Laura's Story
I w as diagnosed with endometriosis in July this year, and I am 25 years old. Since I can remember I have suffered with painful periods. Even when on the Pill, I seemed to have excruciating pain and a terrible build up to actually coming on. With exhaustion, bloating, excruciating headaches, upset tummies, pain through my bottom when trying to use the toilet, shooting pains through my back and legs, constant hot flushes and skin breakouts. Not to mention the mood swings!!!
"The medication
was
leaving me
like a space
cadet;
barely able to
function"
It felt like from 2006, each month my pain worsened. It became less bearable and controllable with over the counter drugs. I tried herbal remedies to try and lessen the symptoms to no avail. I felt that though my GP was very understanding when it came to listening to my concerns, his approach was to prescribe different methods of pain relief; codeine, co-codamol, ibuprofen, mefanamic and transexamic acids - until I reached breaking point.

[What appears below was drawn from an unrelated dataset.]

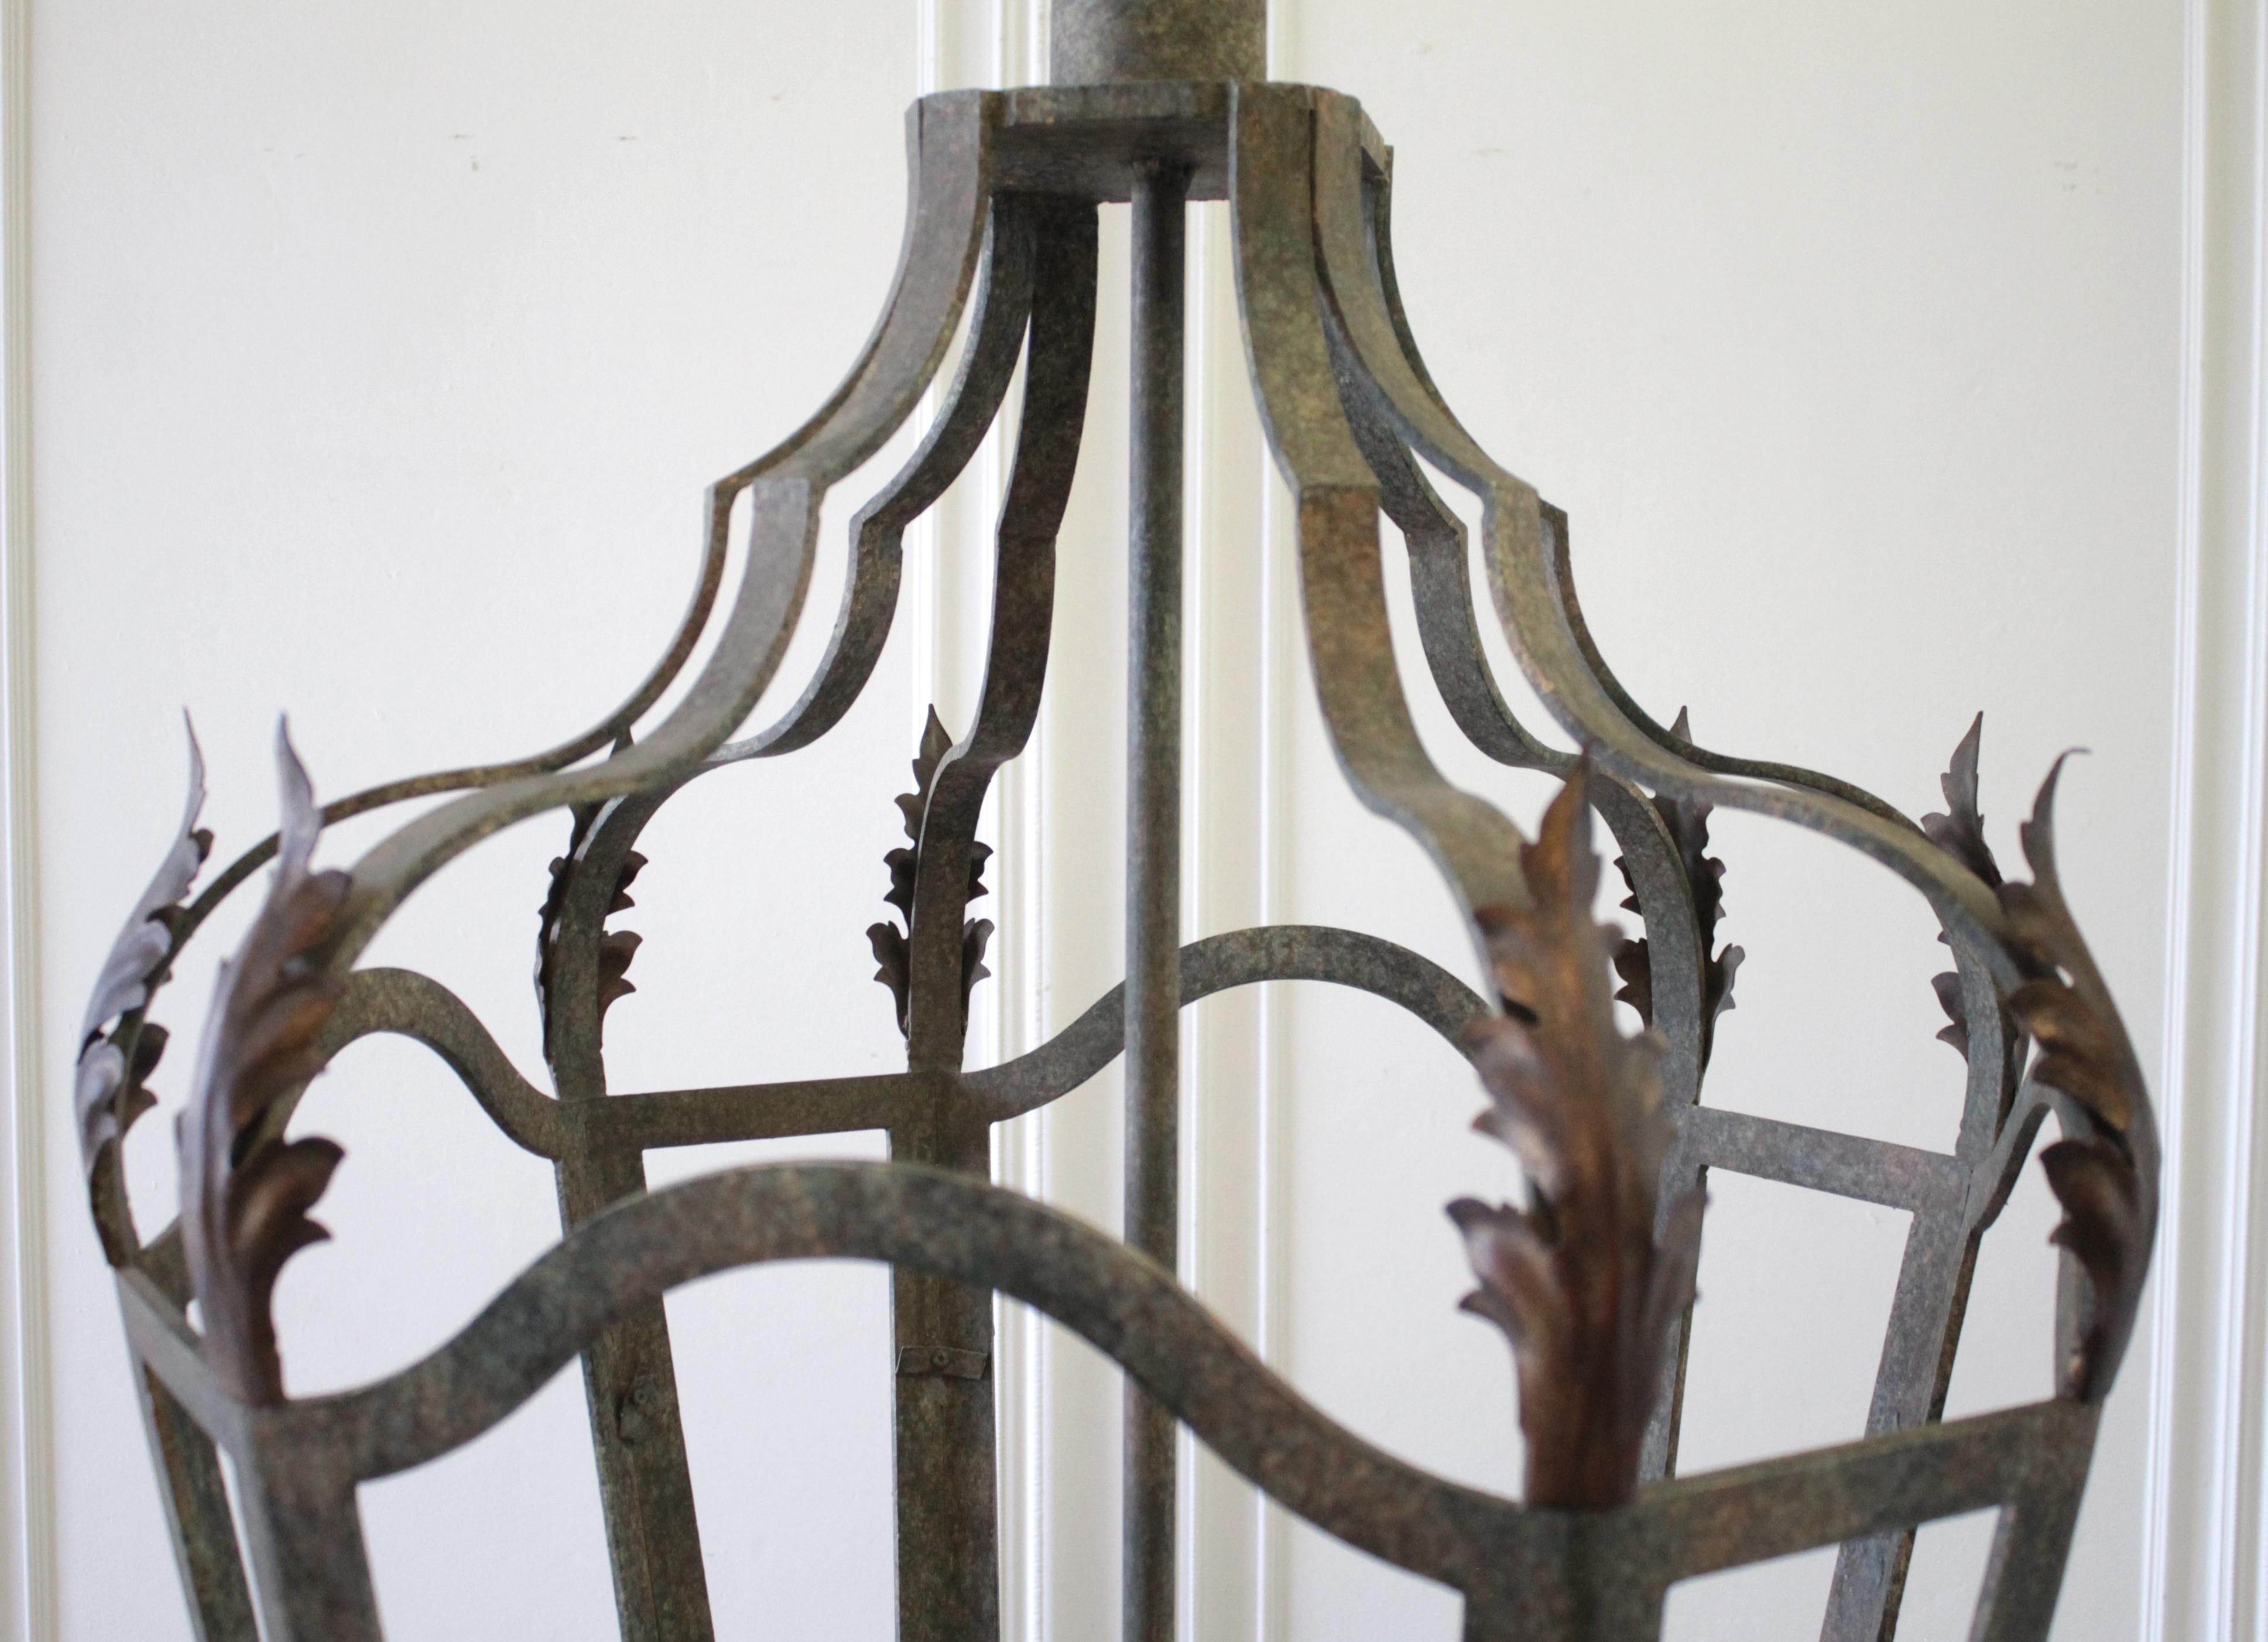 Beautiful iron lantern pendant has great patina, and decorative leaf details.
Measures: 29

I can remember one month, sliding down the front of the pharmacy counter in Boots, consumed by this excruciating pain and flushing so hot I felt like my head would explode. Tramadol was the final point for me in having to make the move to get something done. Each month I was losing days from work because the pain medication was leaving me like a space cadet; barely able to function.
I was sent to see a gynaecologist in June this year who referred me for an explorative laparoscopy. This was my first ever surgical experience and I was nervous as hell! The staff were incredibly reassuring and understanding, and took their time looking after me and making the transition to surgery a very relaxed one. I came out of the surgery feeling relieved that something had been done.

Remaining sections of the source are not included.